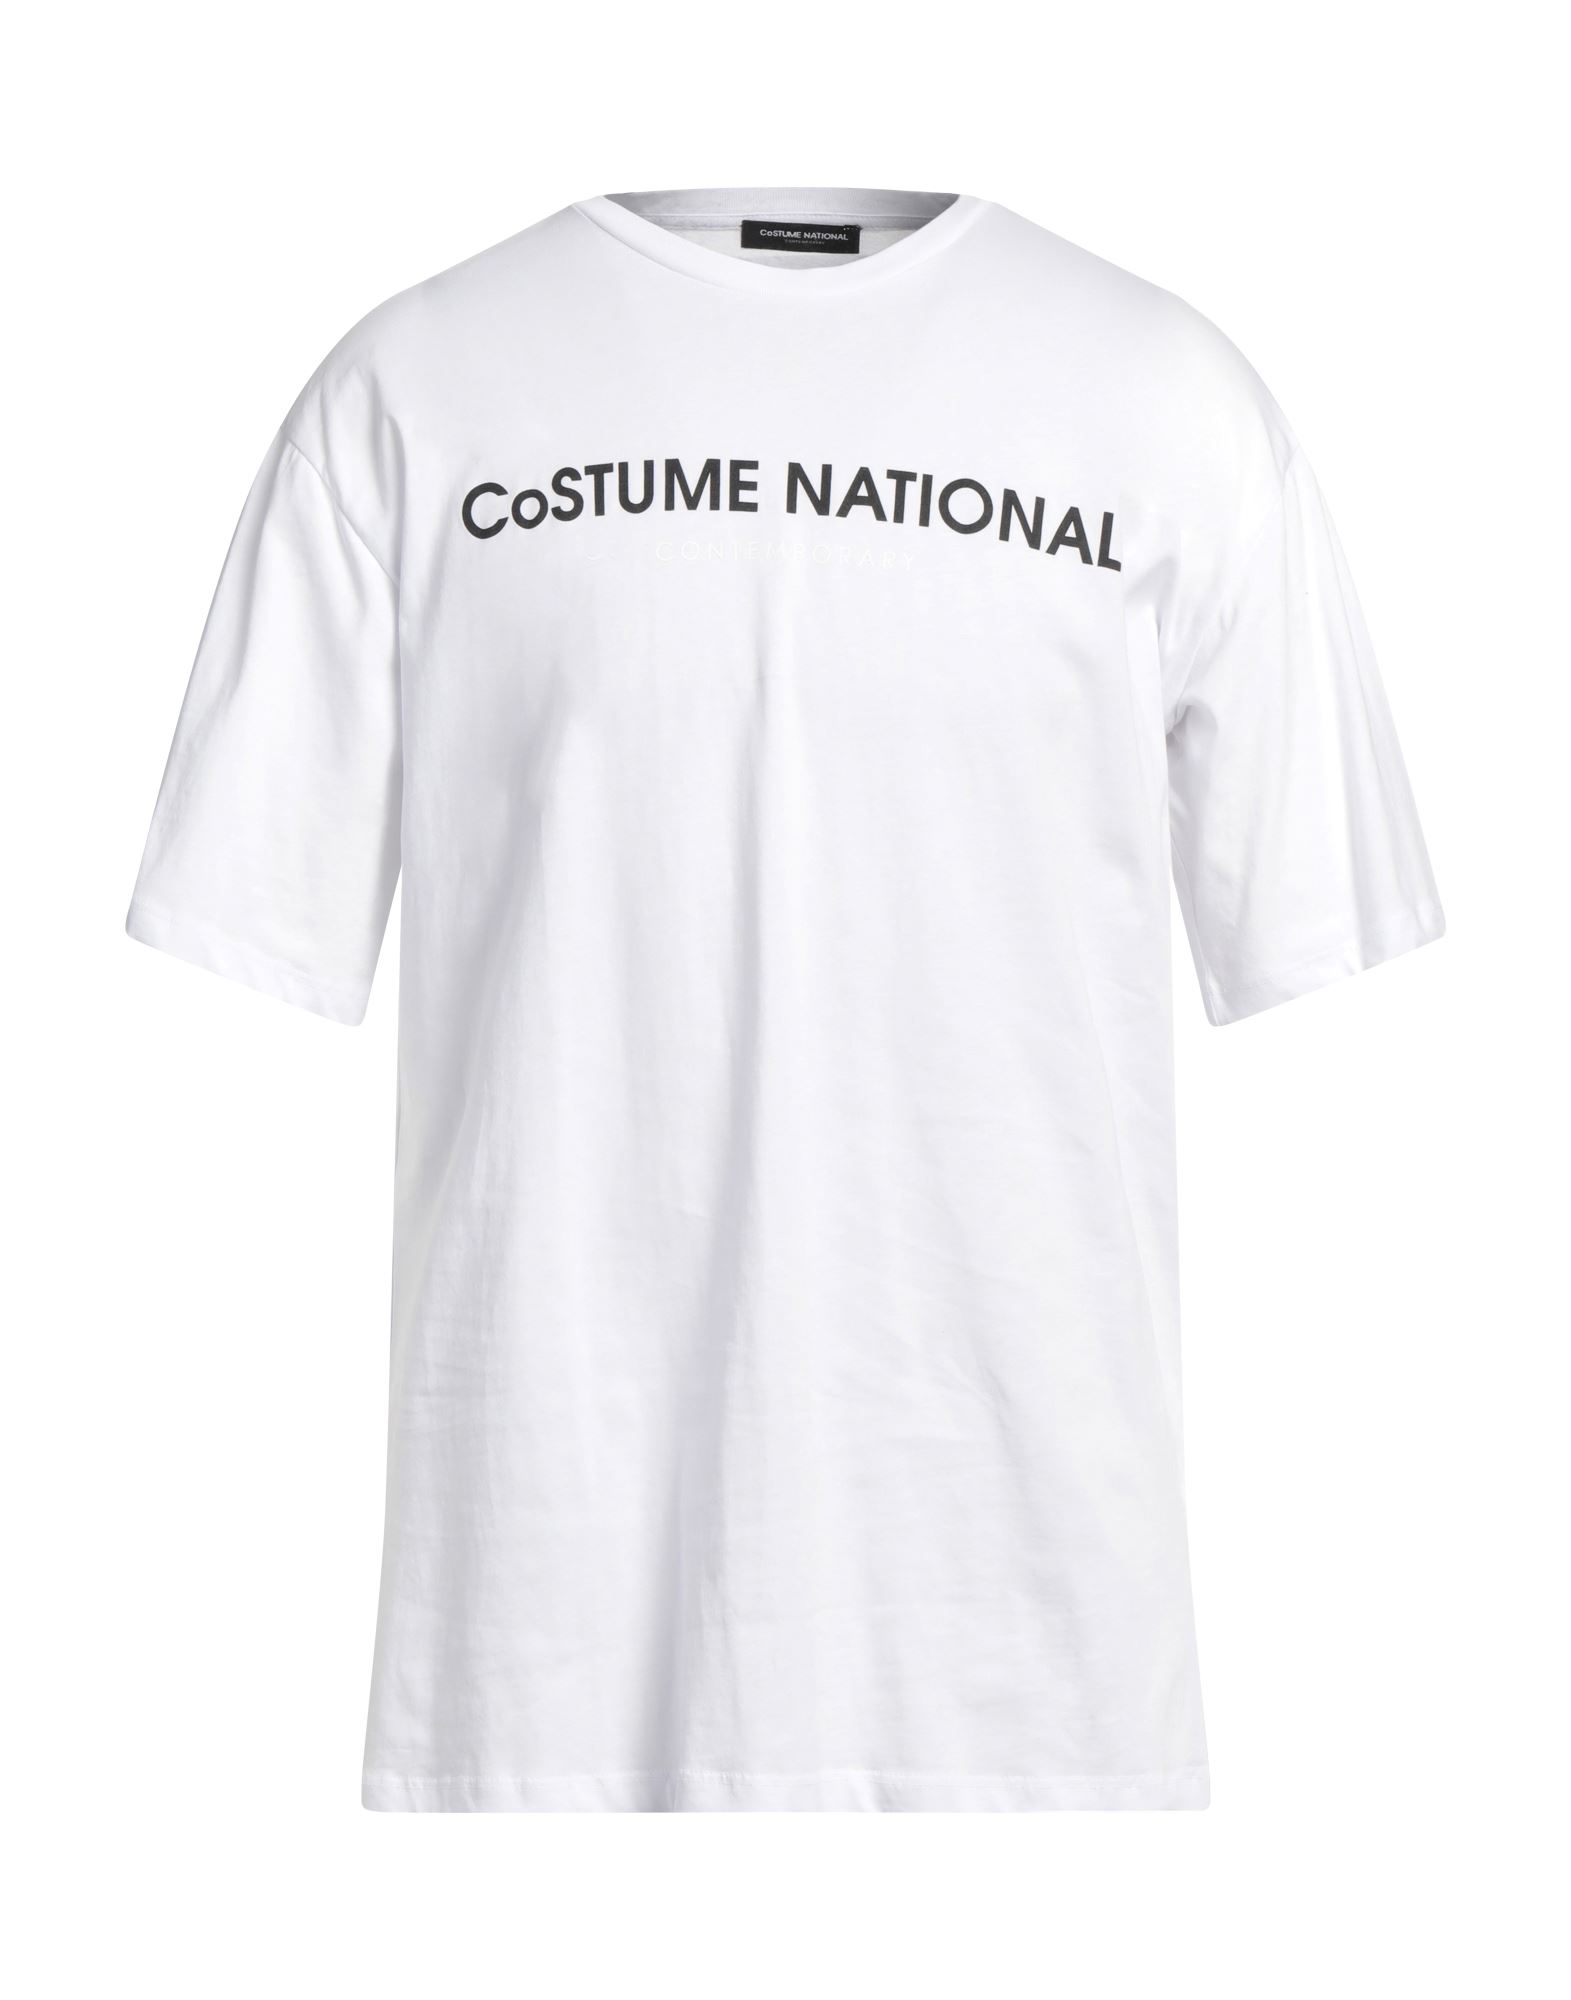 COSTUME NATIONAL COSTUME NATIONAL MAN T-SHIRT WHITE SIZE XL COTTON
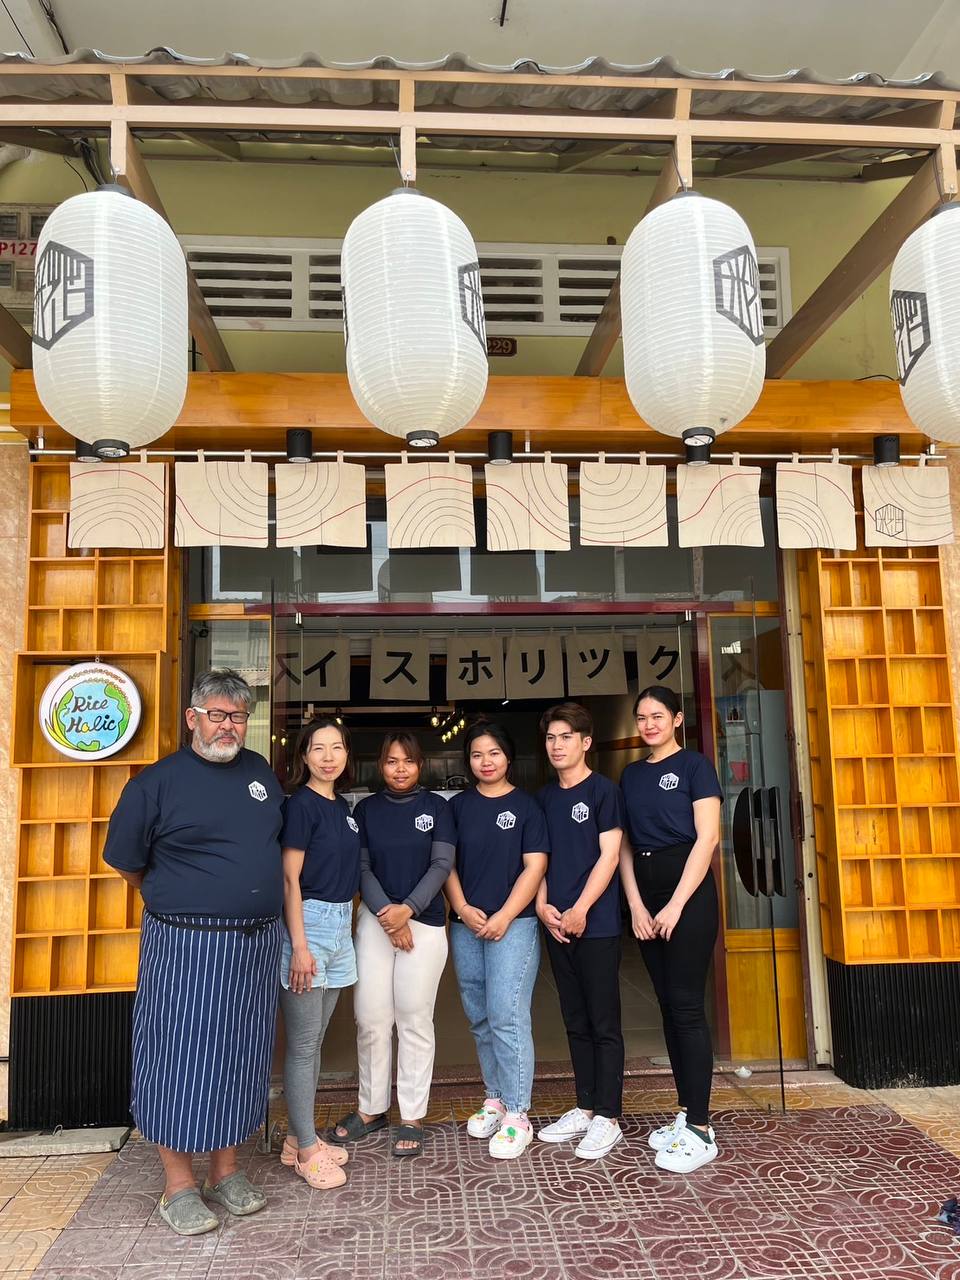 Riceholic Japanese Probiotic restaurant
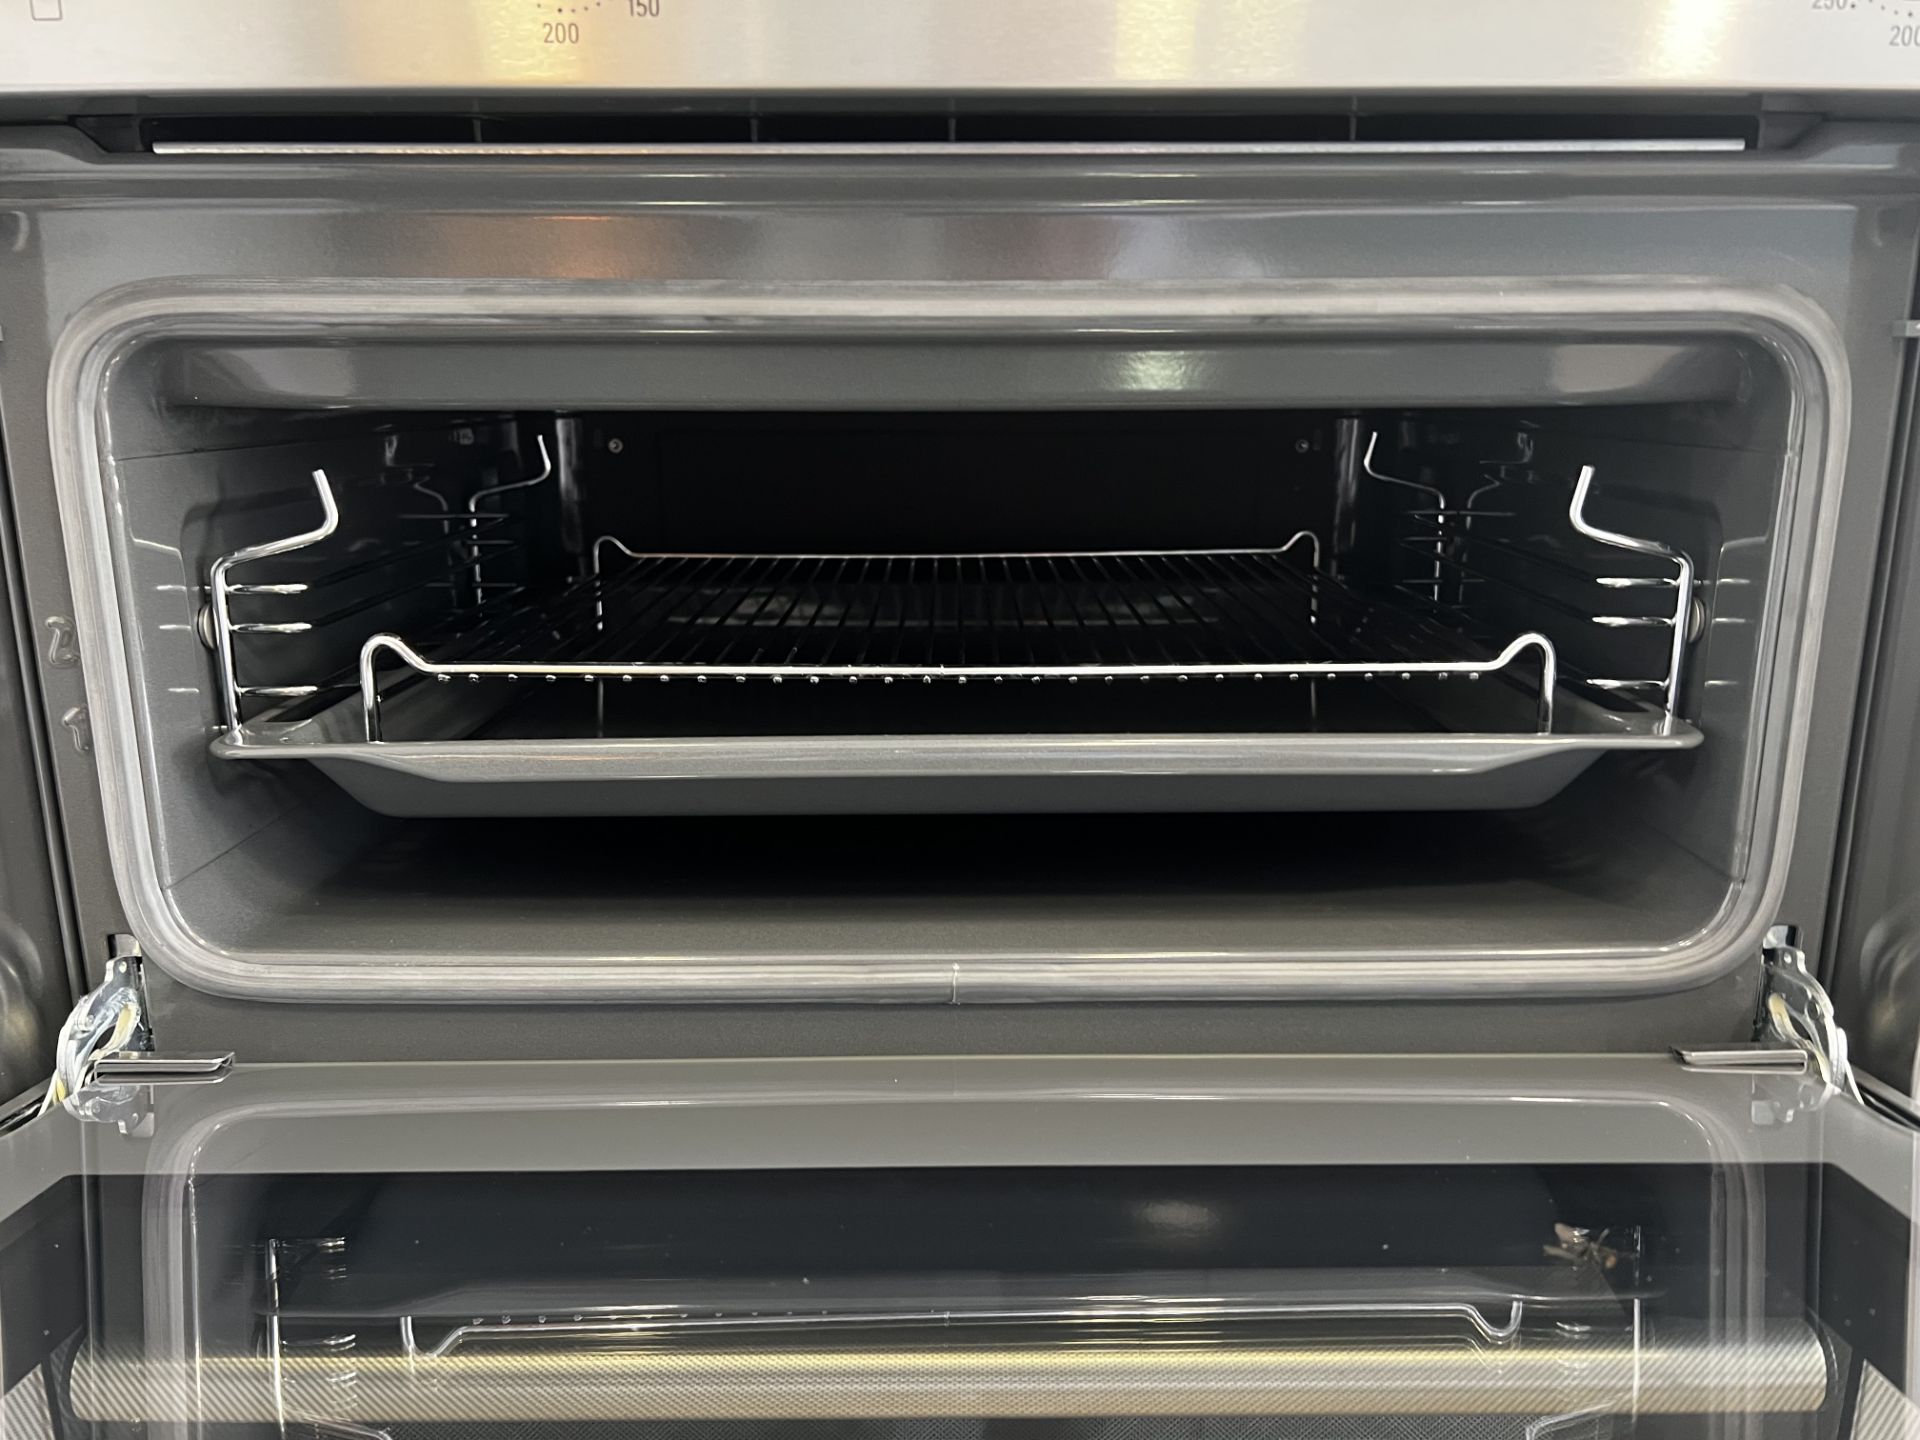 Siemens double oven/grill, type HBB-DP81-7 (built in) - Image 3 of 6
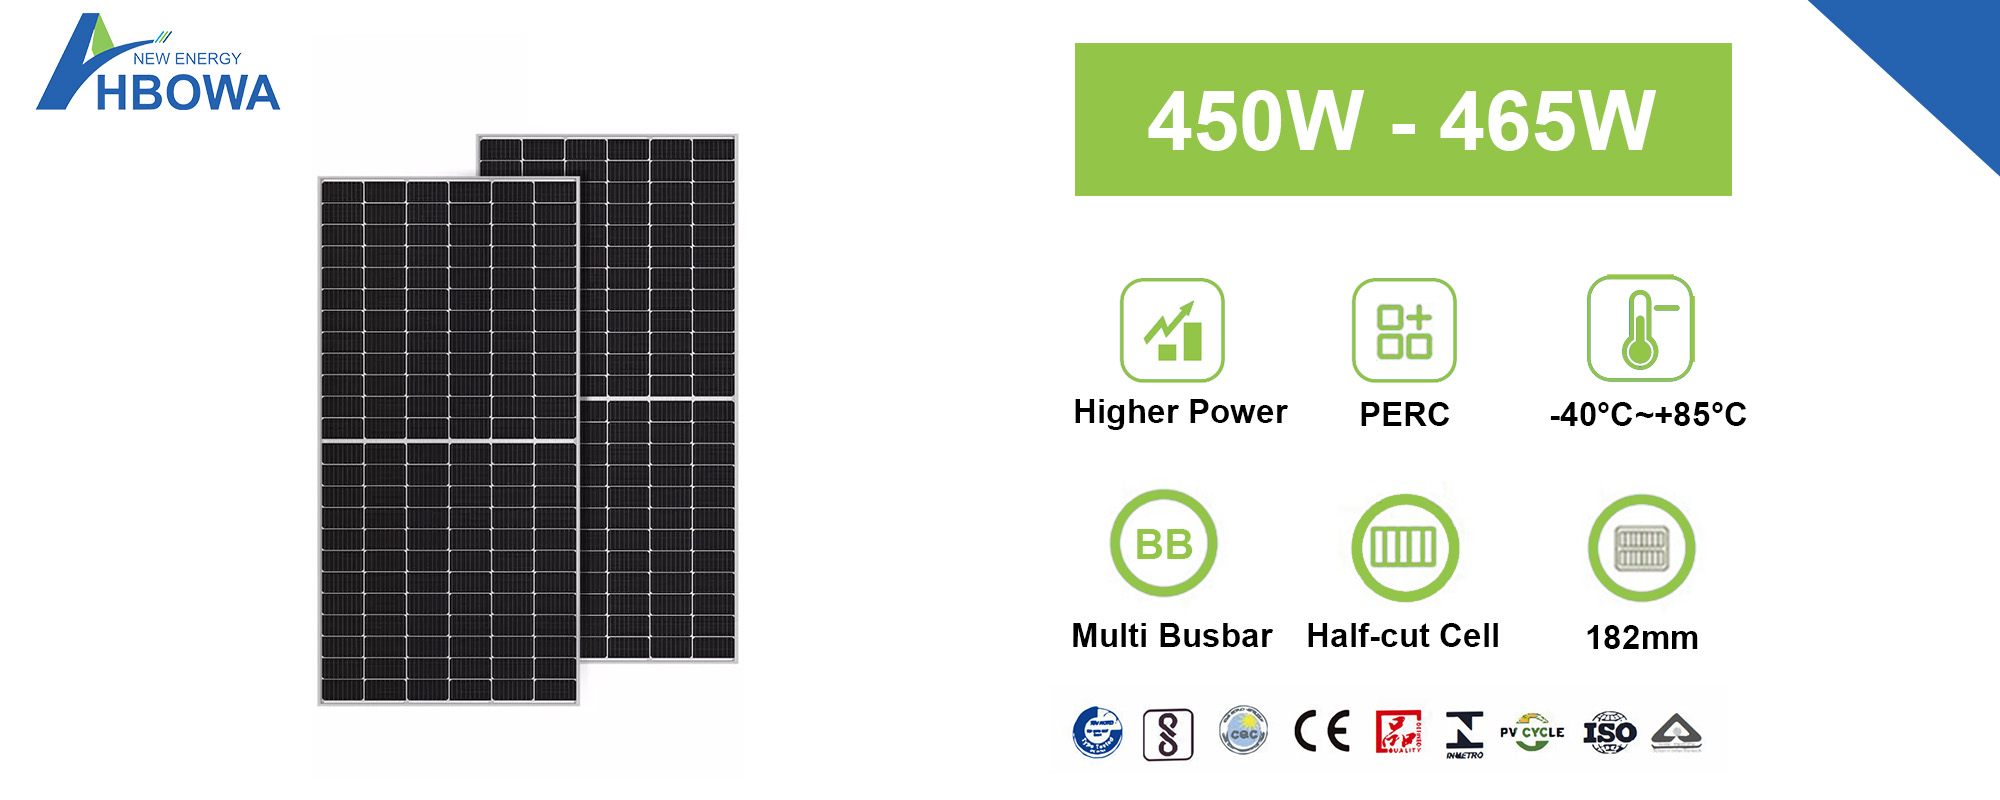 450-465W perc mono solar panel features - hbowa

·····

◆ What you have to do: All of the material above should be copied exactly, minus the pictures.

◆ Reply to the task:
 COSTUME NATIONAL COSTUME NATIONAL MAN T-SHIRT WHITE SIZE XL COTTON
 Riceholic Japanese Probiotic restaurant
 Siemens double oven/grill, type HBB-DP81-7 (built in) - Image 3 of 6
 450-465W perc mono solar panel features - hbowa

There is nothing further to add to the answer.